As the evidence is not clear, it seems important to further investigate health inequalities in Italian regions. In this paper, we use data from the "Indagine Multiscopo sulle Famiglie", a survey of aspects of everyday life in the Italian population, to investigate the determinants of regional differences in self-reported poor health, after controlling for individual level factors, including individual socioeconomic status [11,12].
The conceptual framework for our study draws on socio-ecological models that postulate that health is influenced by a wide range of factors at multiple levels [13-15]. Determinants of health include socioeconomic factors, social and physical environments, healthcare, and health behaviors [16-18]. Most models identify socioeconomic conditions at the individual level as well as at the group level as the fundamental causes of disease [19,20]. Socioeconomic factors contribute to unequal social and physical environmental exposures which contribute to health inequalities. A large literature discusses the mechanisms that underline the relationship between socioeconomic factors and health at the regional level [21-24]. Two major theories have been proposed: one focuses on material deprivation and the other on social/psychological wellbeing. In the material deprivation interpretation, the negative effects of socioeconomic disadvantage on health operate through a lack of physical resources and underinvestment in infrastructure and services, including housing, environmental quality, and healthcare services [17,21,25]. The second theory emphasizes the role of social/psychological factors, including social capital and social isolation, in the relationship between socioeconomic factors and health [24,26-28].
In this paper we consider a socio-ecological model (see Figure Figure1)1) where regional socioeconomic factors affect health outcomes through material deprivation, social/psychological factors, and health behaviors measured at the regional level in order to investigate regional level determinants of self-rated health among Italians. All our models control for individual level factors. Our hypothesis is that, in Italy, regional health inequalities reflect regional socioeconomic disadvantage. Furthermore, we hypothesize that regional level socioeconomic disadvantage negatively affect health by impacting the social and physical environments at the regional level. We hypothesize that regions that are more disadvantaged socioeconomically will have: 1) more material deprivation resulting in poorer living conditions and worse healthcare; 2) more social/psychological disadvantage reflected in more social isolation; and 3) more unhealthy behaviors. We will test the hypothesis that regional level poor living conditions, healthcare factors, social isolation, and unhealthy behaviors mediate the impact of regional socioeconomic disadvantage on self-rated health in Italian regions.

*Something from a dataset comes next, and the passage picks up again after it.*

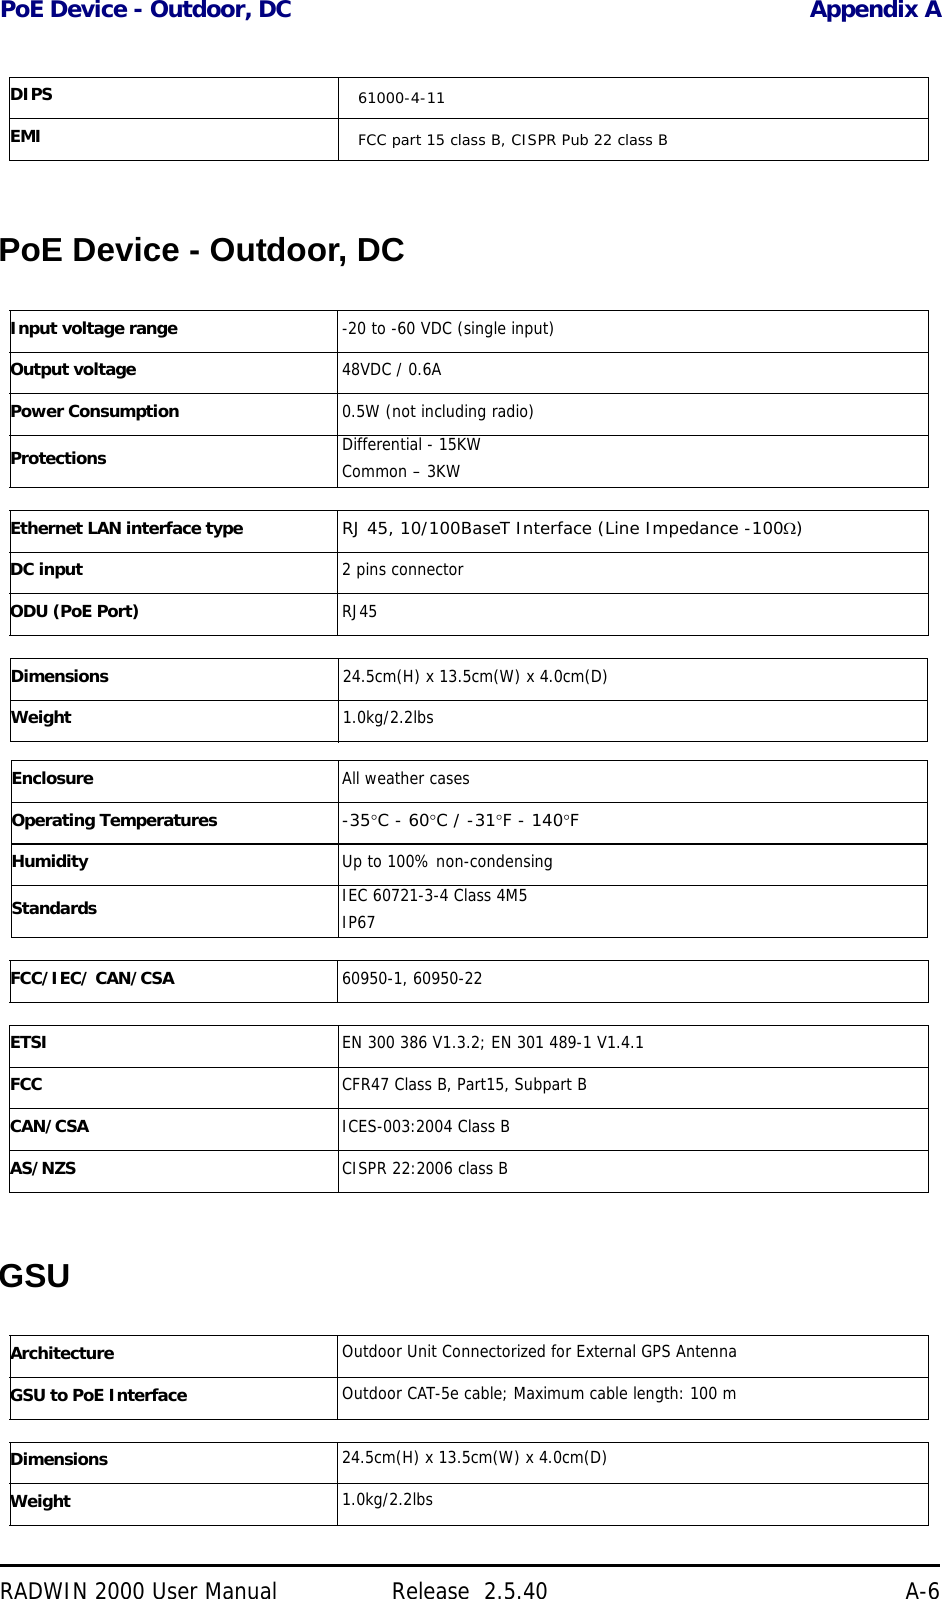 PoE Device - Outdoor, DC Appendix ARADWIN 2000 User Manual Release  2.5.40 A-6PoE Device - Outdoor, DCGSUDIPS 61000-4-11EMI FCC part 15 class B, CISPR Pub 22 class BInput voltage range -20 to -60 VDC (single input)Output voltage  48VDC / 0.6APower Consumption 0.5W (not including radio)Protections Differential - 15KWCommon – 3KWEthernet LAN interface type RJ 45, 10/100BaseT Interface (Line Impedance -100)DC input 2 pins connectorODU (PoE Port) RJ45 Dimensions 24.5cm(H) x 13.5cm(W) x 4.0cm(D)Weight 1.0kg/2.2lbsEnclosure All weather casesOperating Temperatures -35C - 60C / -31F - 140FHumidity Up to 100% non-condensingStandards IEC 60721-3-4 Class 4M5IP67FCC/IEC/ CAN/CSA 60950-1, 60950-22ETSI EN 300 386 V1.3.2; EN 301 489-1 V1.4.1FCC CFR47 Class B, Part15, Subpart BCAN/CSA ICES-003:2004 Class BAS/NZS CISPR 22:2006 class BArchitecture Outdoor Unit Connectorized for External GPS AntennaGSU to PoE Interface Outdoor CAT-5e cable; Maximum cable length: 100 mDimensions 24.5cm(H) x 13.5cm(W) x 4.0cm(D) Weight 1.0kg/2.2lbs

The data used for the analysis were collected both at the individual level and at the regional level. At the individual level, data were taken from Multiscopo, a survey on health and living conditions conducted by Istat, the Italian National Institute of Statistics, in the period 2004-2005 [11,12]. Multiscopo interviewed a nationally representative sample of families and individuals in order to describe health and healthcare utilization of the Italian population. Starting in March 2004 until March 2005, 50,474 sampled families (defined as a group of people living together for several possible reasons) and 128,040 individuals, distributed in 1,465 Italian municipalities, were interviewed. The survey non response rate was 14%. Missing values were imputed using donors imputation method. The overall survey imputation rate for missing values was 2.5% (but only 1.8% for our dependent variable self assessed health). The Multiscopo sample is representative of the Italian population, with a margin error of 2.9% at national level. Part of the questionnaire was completed by direct interviews and, when individuals were not available, information was gathered from another family member. Part of the questionnaire was self administered. The survey design and methodology is further described by Istat . Regional level variables were taken from Istat data available at the regional level for 2004 and 2005 [11,12,30,31].

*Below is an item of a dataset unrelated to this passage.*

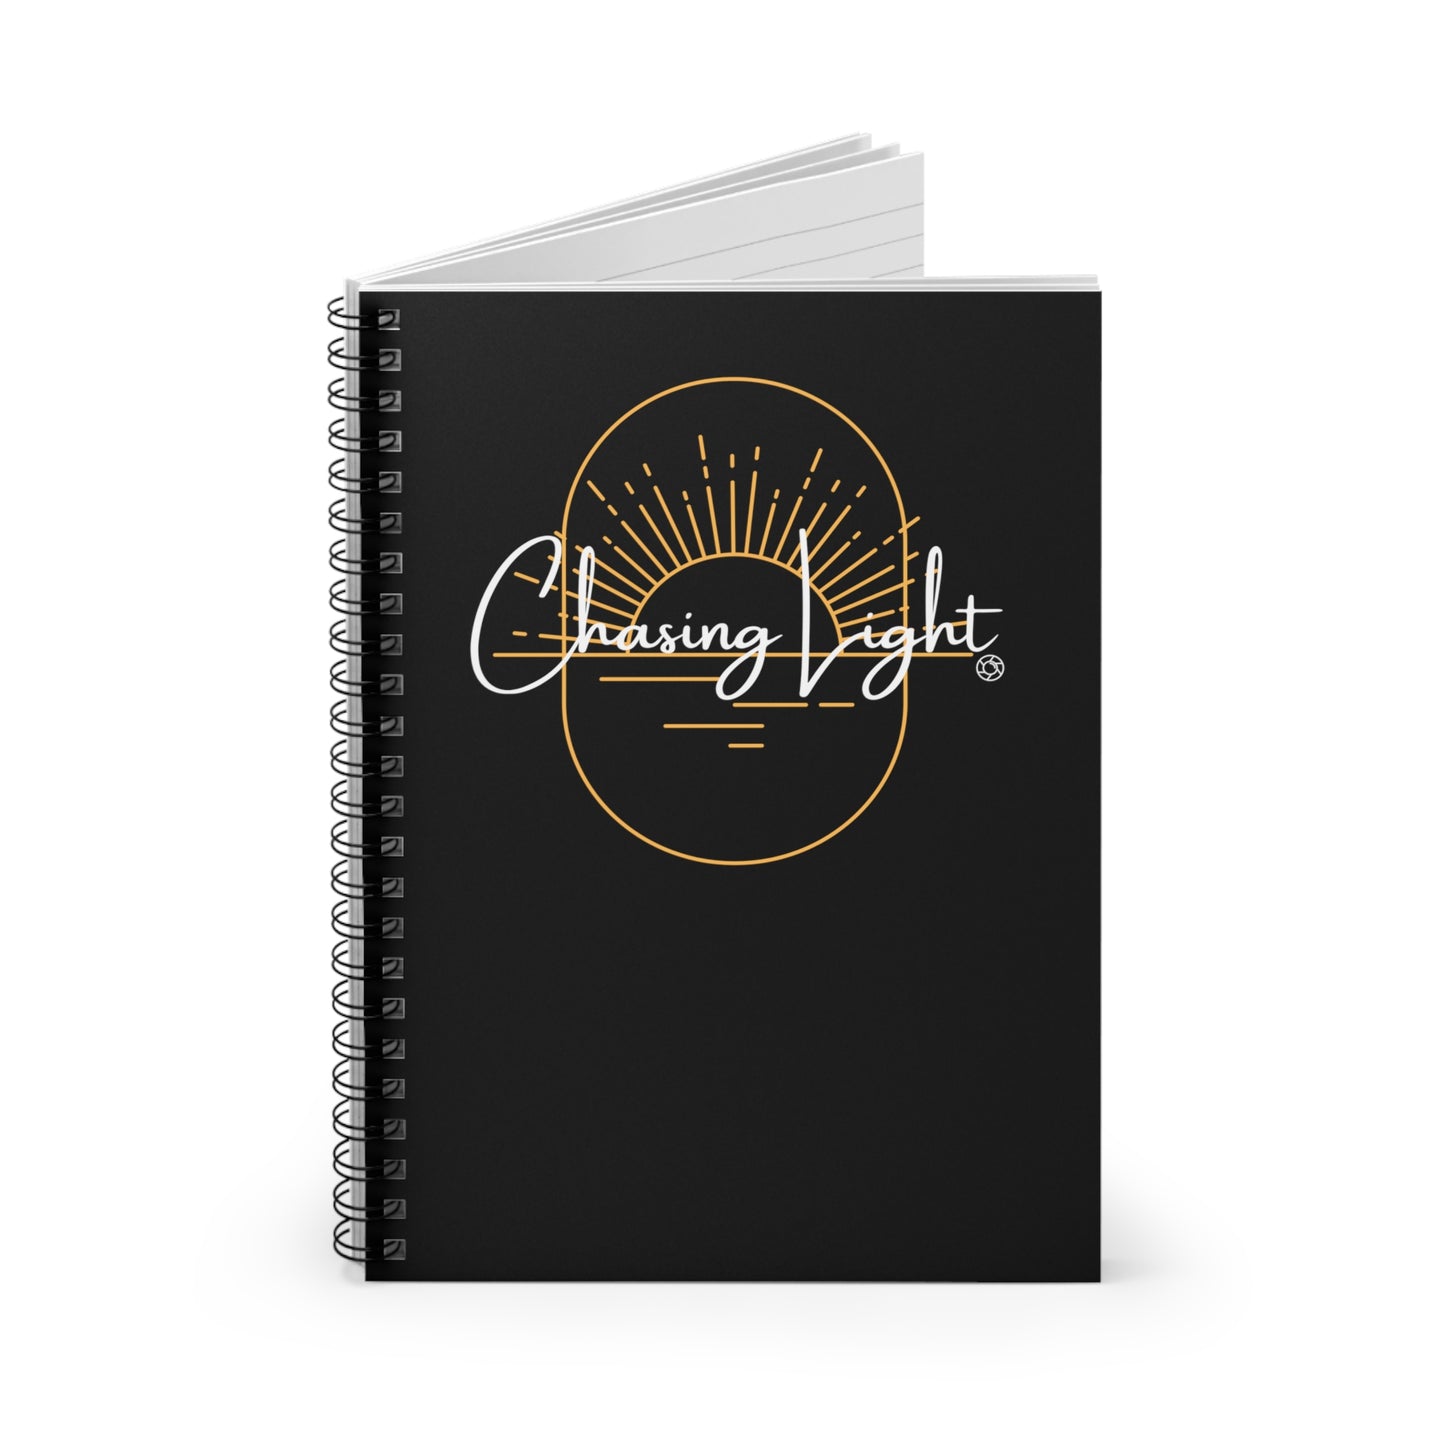 Chasing Light - Spiral Notebook - Ruled Line

Ethics committee approval for this study was not secured given it uses publicly available data made available to researchers by Istat, who produces and disseminates information collected in full compliance with the regulations pertaining to the privacy of respondents. No competing interests were declared.

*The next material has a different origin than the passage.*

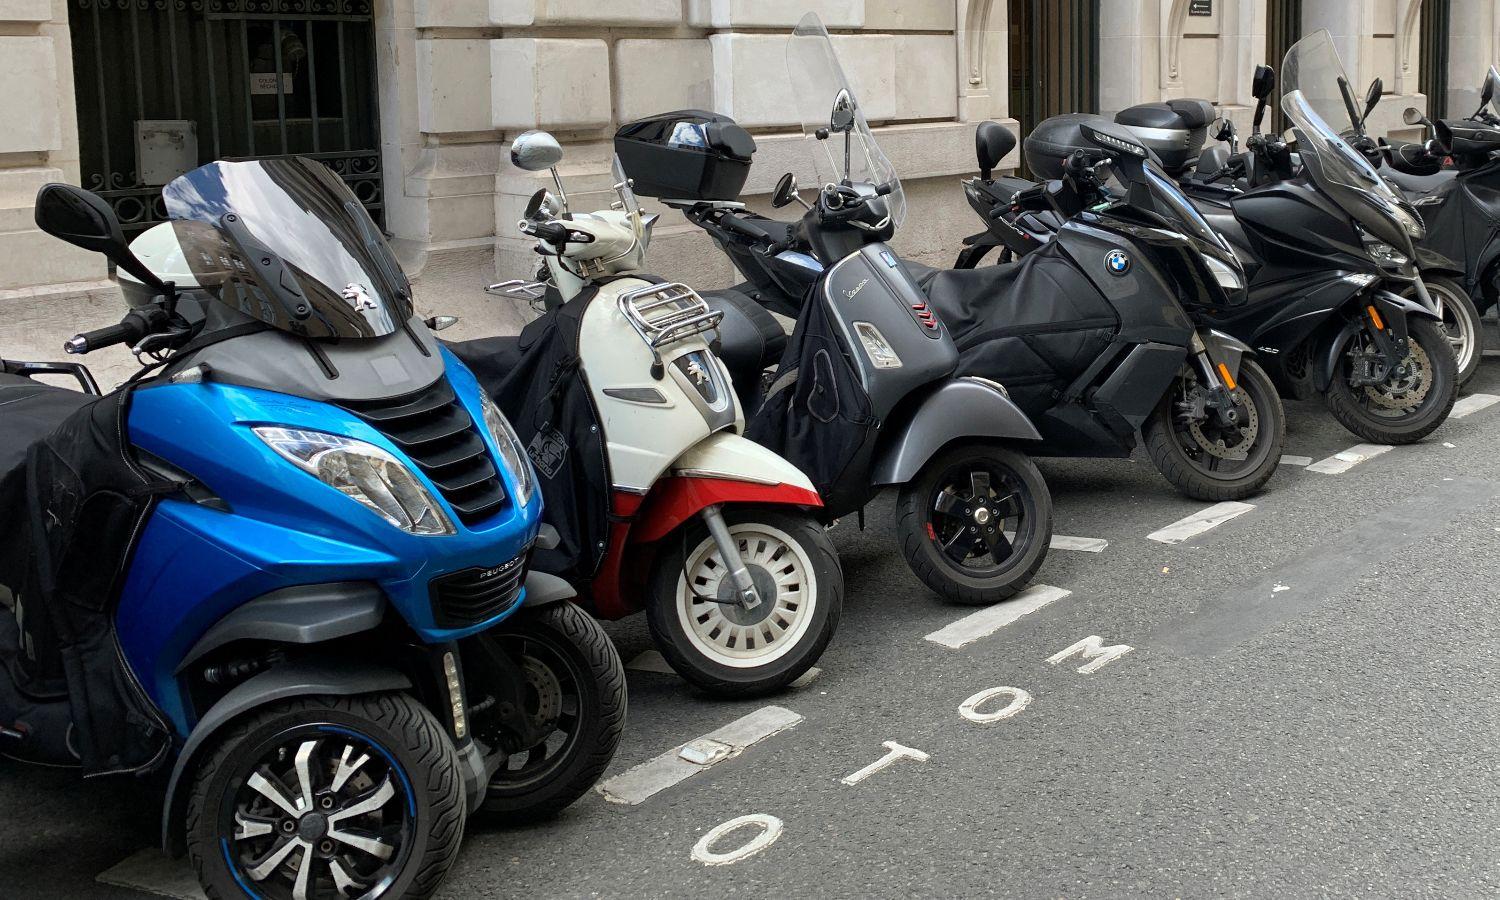 French Govt To Consult Over Motorbike Road Tests After Court Order

Individual level variables were obtained from Multiscopo [11,12]. The dependent variable used is a measure of self-rated health, which is well known to be highly predictive for mortality and the onset of disability [32-34]. Individuals were asked "How is your health in general?" with possible response: very good, good, fairly good, bad, and very bad. Following other researchers [6,35-38], the responses were dichotomized into a categorical variable (poor health) taking the value one for those reporting poor health (bad or very bad) and the value of zero for those not reporting poor health (very good, good, fair).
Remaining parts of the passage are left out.